Edited: 7 Oct 2011, 2:19 a.m.


#57

Quote:
Honestly, I don't see the problem with the old self-tests such a big issue. Simply avoid them,...

That would be an absolutely disastrous attitude for any company to adopt for any product! (Of course, HP has a history of such, even back in the 'good old days'. I hope they fired those responsible for the sheer incompetency of Woodstock battery/charger design, 36 years ago.)

Quote:
...that's one of the benefits of reading this forum so we all know about the glitch and also know how to invoke the new ones.

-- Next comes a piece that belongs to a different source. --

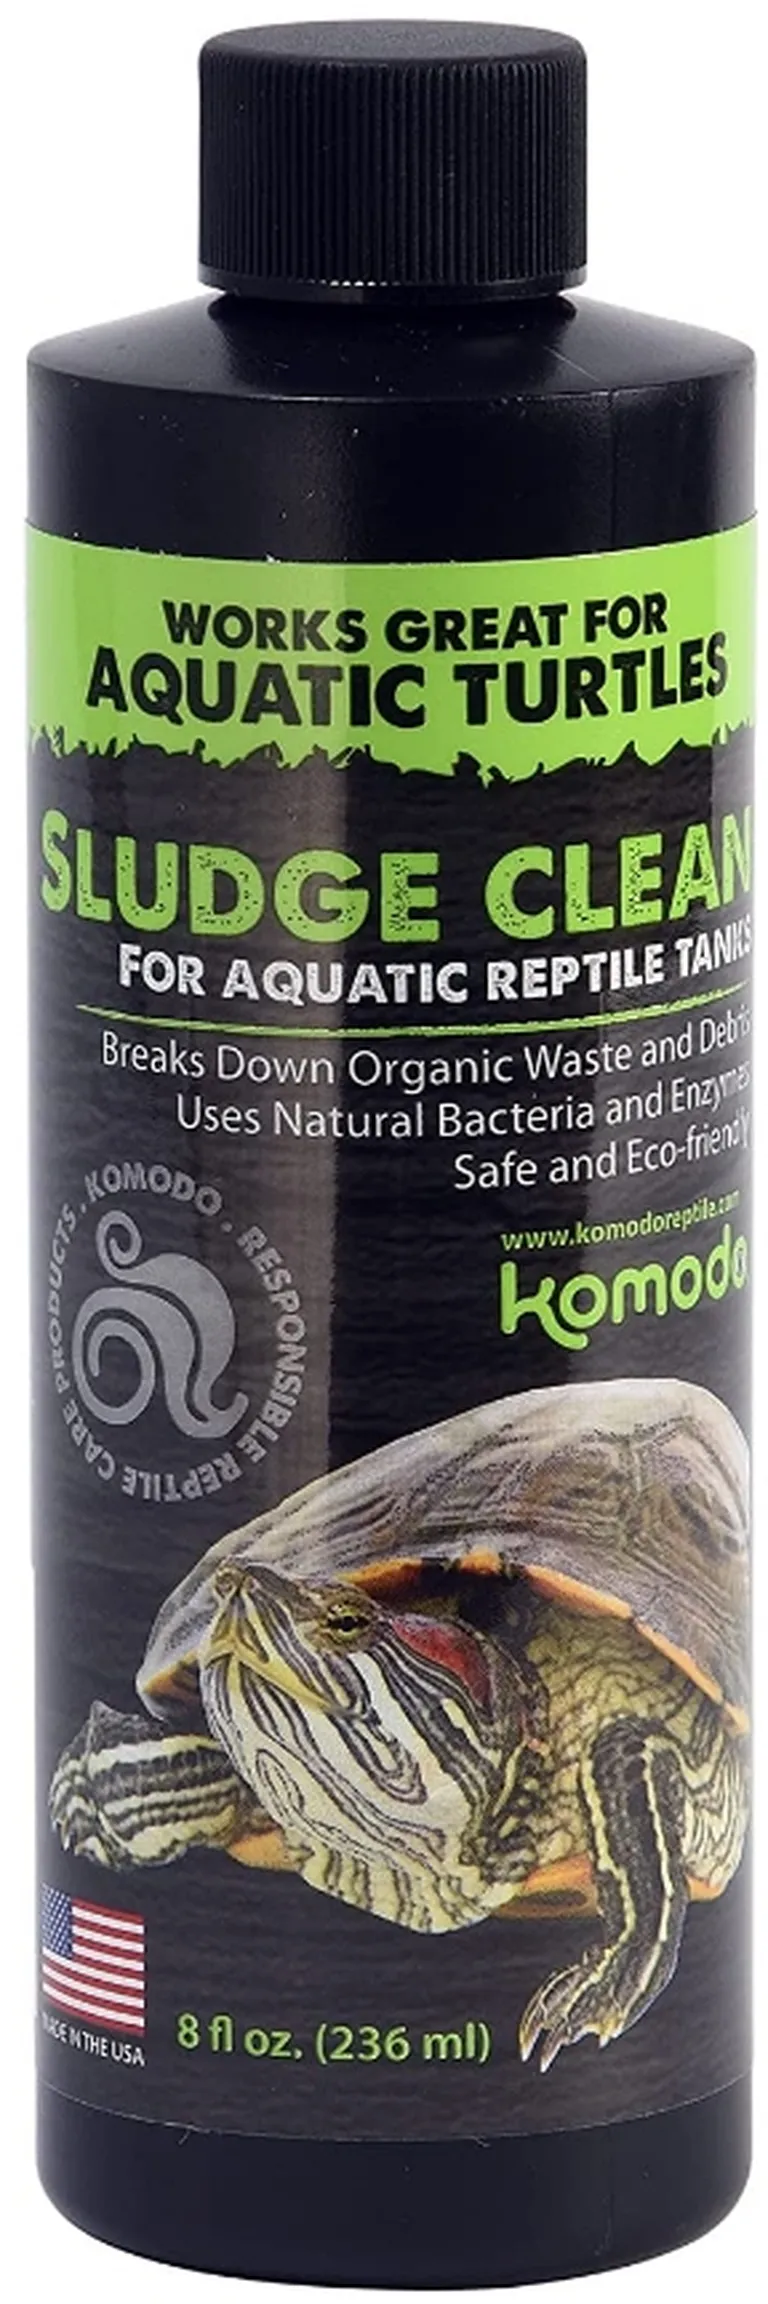 Komodo Sludge Cleaner for Aquatic Reptile Tanks Photo 1

What percentage of 15C-LE users read this forum? Unfair question? Well then let's extend the time and ask what percentage of 15C-LE users five years from now will have read this forum at just the right time to have been exposed to these issues? Any company hanging its hope on an unofficial and somewhat obscure web forum to convey information to a customer five years from now would be woefully delusional. (Then there's the issue of how difficult it is to actually search old postings here, even if you know it's here somewhere.)

Edited: 7 Oct 2011, 11:46 a.m.


#58

Quote:
What percentage of 15C-LE users read this forum?

Probably 90%


#59

I think you either underestimate the widespread appeal of the 15c, or overestimate the membership of this forum.

#60

Quote:
Probably 90%

Undoubtedly too high by at least an order of magnitude. In fact, I think 0.9 percent would be an even better estimate.

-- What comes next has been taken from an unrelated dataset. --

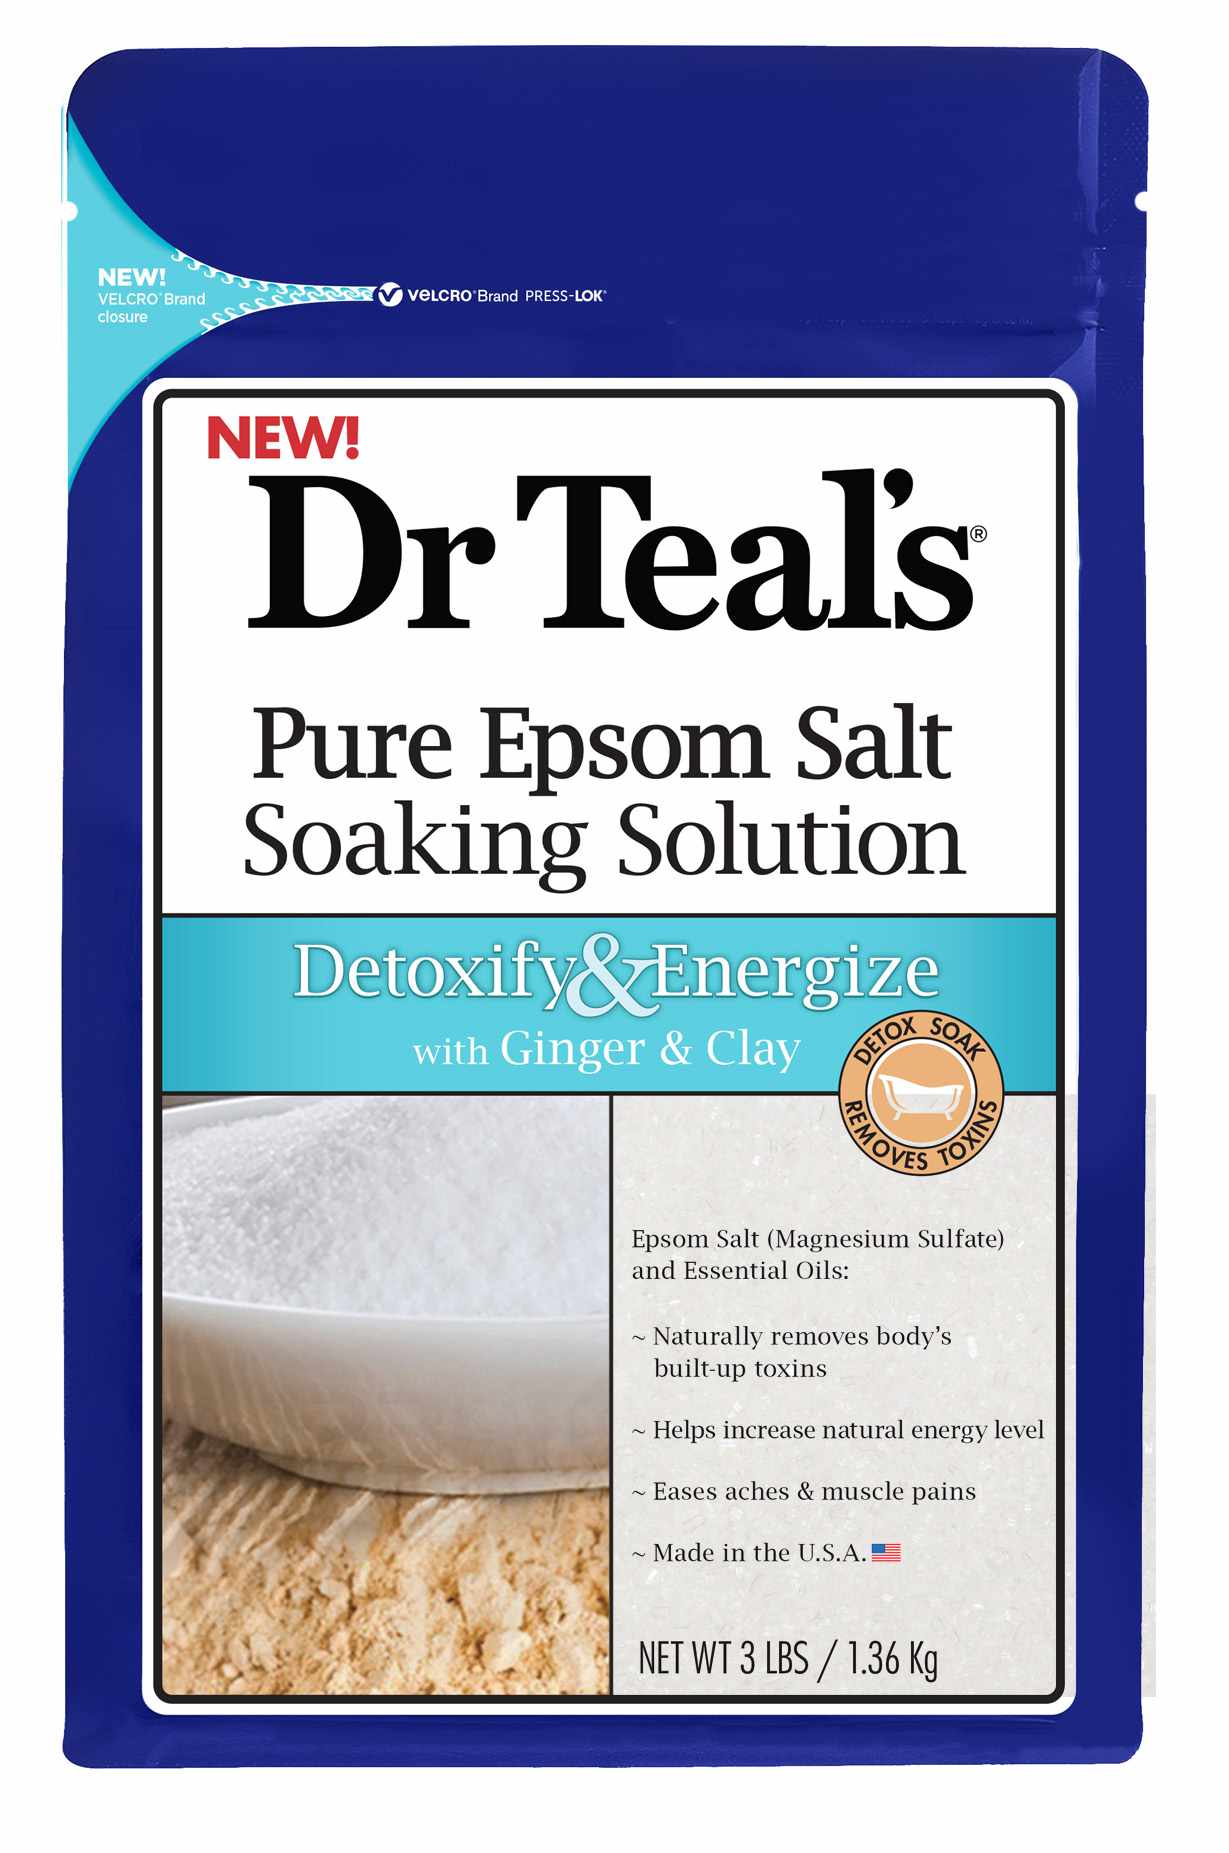 Dr. Teals Pure Epsom Salt

Edited: 7 Oct 2011, 4:23 p.m.


#61

But how do people find out that the HP15C/LE is available ? Certainly outside USA it might mostly be from this forum ? I certainly wouldn't have known other than by chance seeing it mentioned here first.
It's certainly not on many country HP sites !


#62

Quote:
If you provide an optional email address, I will also try to keep you informed as to the progress of this effort.

I found this written at the "Bring Back the 15C" website. If the webmaster is true to his word, some percentage of the 15,479 signees received an email regarding the re-release, who then could have told friends.

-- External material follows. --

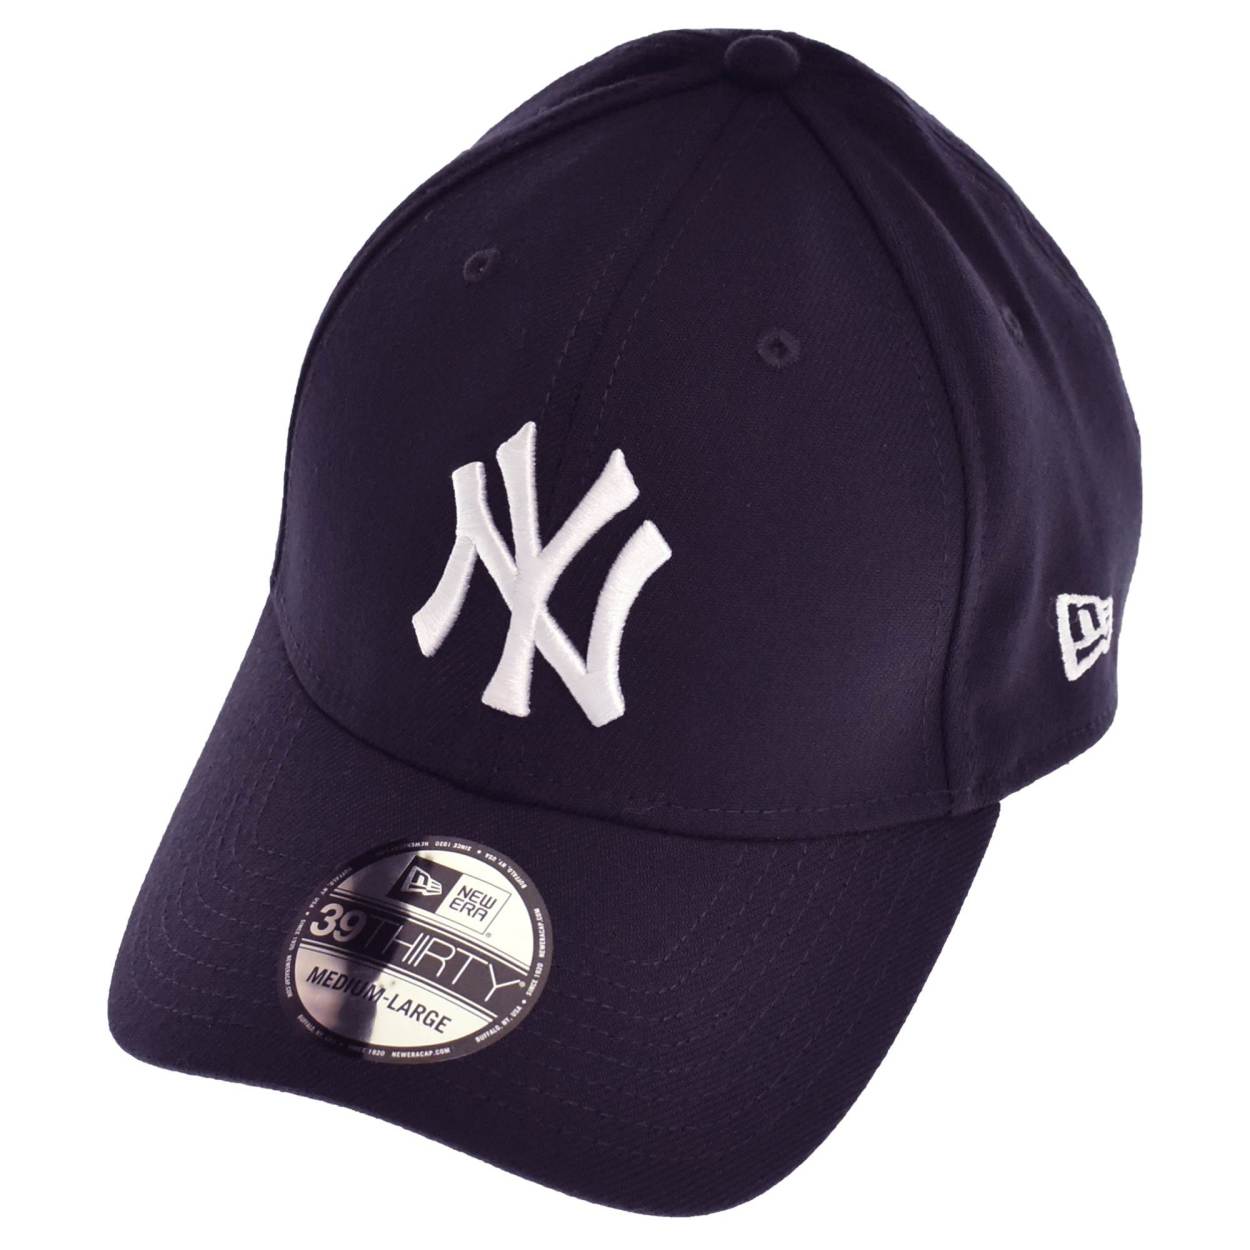 ニューエラ キャップ 帽子 メンズ レディース ニューエラ NEW ERA ブラック 黒 ホワイト 白 グレー ネイビー BBキャップ 野球帽

Based on this knowledge, I would gamble Kevin Bacon heard about the re-release..


#63

I signed up the petition but never heard anything back from them.


#64

Same here.


#65

make that three.

If not for HP Forum I'd not have heard of the 15c LE and probably not the 12c 30AE.

#66

Quote:
Quote: Probably 90%

Undoubtedly too high by at least an order of magnitude. In fact, I think 0.9 percent would be an even better estimate.


Probably somewhere inbetween, perhaps towards the low end:

How many folks here on the forum have bought a 15C LE?

A lower limit would be the number reporting to the keyboard survey taken a week or two ago. Without looking it up, I recollect that around 50 people may have responded. Let's assume a comparable number didn't report (probably because their keyboard is fine - thereby skewing the "bad keyboard" fraction, by the way), so around 100.

This group collectively certainly bought an average of more than one calculator. Let's guess 2 or 3. So, forum members probably bought 200-300 new calculators.

If the original lot now being distributed is 3000, as surmised here several times, that leaves more than 2500 calculators to be ultimately bought by others (i.e. not counting the mass purchases by ebay speculators). Almost certainly these buyers will not purchase many more than 1 per person on average. (Many of these buyers may have spotted the calculator on ebay, from the resellers.)

So, around 100 buyers here, and around 2500 buyers elsewhere, or

around 4% of buyers are forum members (probably within a factor of 2 to 4)

This is to astronomical accuracy: a joke amongst astronomers goes "We feel good if we get the significant figures in the exponent correct!"